The weekly circular is “a secret weapon for supermarkets,” Bishop explained. “It’s like Kryptonite for EDLP (everyday low price) competitors and deep discounters – they are powerless to fight back,” Circular Logic’s Ken Wyker told Brick Meets Click.

But we knew that already – the weekly ad gets shoppers in the door for the deals, then they end up paying full price for everything else and the grocery store comes out ahead in the end. It’s the very type of pricing game that many ALDI and Lidl shoppers have given up on. Who wants to sift through hundreds of items in a sale ad, many of them irrelevant to you, to see if there are good deals on things you actually want to buy?

So these analysts are suggesting a better way. Instead of relying on a laundry list of weekly promotions on a rotating assortment of the same old products, grocers need to get personal. It’s not about “which store has the best prices,” it’s about “which store has the best prices for me,” Wyker said. So his company helps retailers analyze shoppers’ purchase history in order to highlight the most relevant deals. “We email the most powerful offers to each customer every week, effectively reminding each individual how great the retailer’s pricing is on the items they buy,” he explained.

Other grocers have discussed going further than merely highlighting or rearranging the order of items in the existing circular. Safeway once discussed phasing out the traditional weekly circular altogether, replacing it with a selection of uniquely personalized prices on specific items most relevant to you.

We’re not quite there yet. So, for the time being at least, Brick Meets Click says grocers should leverage the advantage they have, in offering a weekly circular with sale prices that their competitors can’t beat. “Grocers have to adapt to ALDI and Lidl’s impact on pricing in the market, but lowering prices to fight the competition on general price reputation is counterproductive,” Bishop explained. “Shifting the goal to winning the individual shopper can be a much more effective and profitable strategy.”

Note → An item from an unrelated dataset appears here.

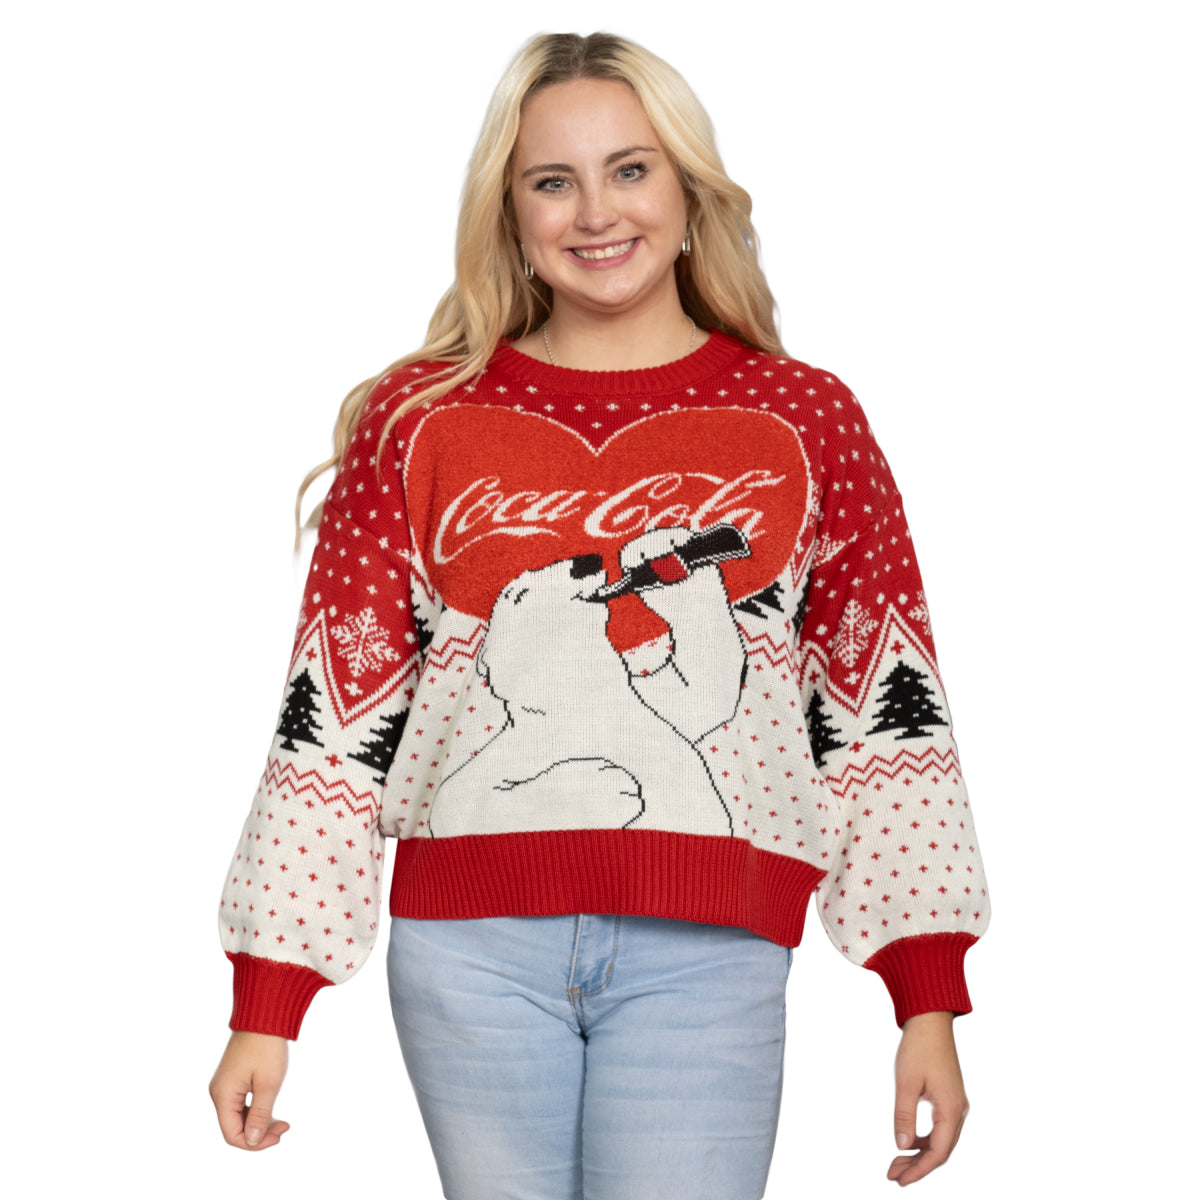 Coca-Cola Heart Bear Spread Joy with Festive Ugly Sweater Christmas Sweaters Front View

This way, grocery stores can win shoppers whose priority is getting a good price on the items they buy most, and the discounters can win shoppers who just want a fair price on whatever they choose to buy. And if you’re a committed deal-seeker and stick to your guns by shopping the sales at the grocery store, and purchasing the rest of the items on your list at a discount store, then the real winner of this grocery price battle – could be you.